CanArgo Energy Corporation announces the appointment of Anthony J. Perry as an Independent Non-Executive Director of the Board of CanArgo with effect from April 1, 2008. He will also join the Company's Audit Committee.
Anthony Perry, a British citizen, is an experienced oil and gas professional with over 40 years of organizational, financial, commercial and technical experience within the international exploration and production industry. He has a B.Sc. degree in Geology from Bristol University and a Diploma of Imperial College London in Petroleum Reservoir Engineering. He is a Chartered Engineer and a Distinguished Member of the Society of Petroleum Engineers (SPE); he is a Board Member and a former Chairman of the London section of the SPE.
Mr. Perry began his career as a Petroleum Engineer with Ultramar and a subsidiary of Gulf Oil Company in Venezuela.
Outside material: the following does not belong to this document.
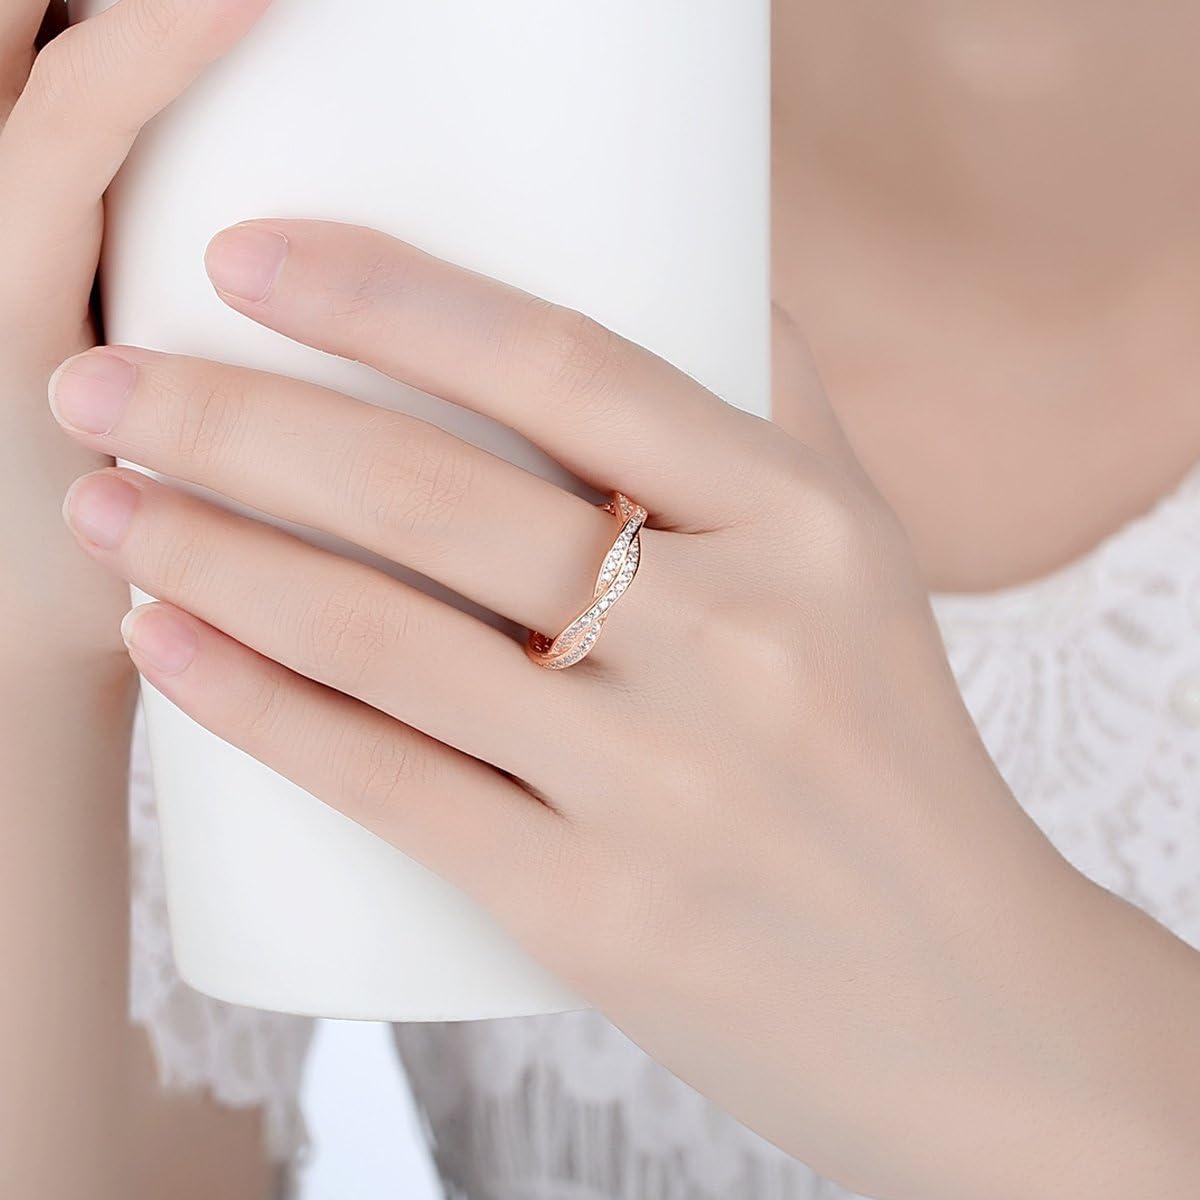 Presentski Donna Cubic Zirconia 925 Silver Rose Wedding Ring placcato oro

From 1970 to 1978 he worked for a subsidiary of British Petroleum in Abu Dhabi, ultimately as Chief Petroleum Engineer. During the period 1978 to 1983, he held the position of Manager of Petroleum Engineering at BP Petroleum Development (UK) Ltd which was a period of major expansion for BP in the North Sea. Later he went on to become Manager of Operations at Texas Eastern North Sea Inc. before taking up senior management positions at Mobil North Sea Limited as commercial co-ordinator, joint venture co-ordinator and secretary of the Mobil North Sea management council. From 2000 to 2005, he was Chairman of Oilfield Production Consultants (OPC) Limited, a Petroleum and Reservoir Engineering Consultancy.
Vincent McDonnell, Chairman, President and Chief Executive Officer of CanArgo commented: "I am extremely pleased to have Anthony join us as an Independent Non-Executive Director and also as a member of the Company's Audit Committee. Anthony's broad experience and expertise in oil and gas will be invaluable as we continue to develop and grow the Company. This appointment means that we now satisfy the continued listing requirements of the American Stock Exchange (AMEX) for a majority of Independent Directors on the Board and three Independent Directors on the Audit Committee."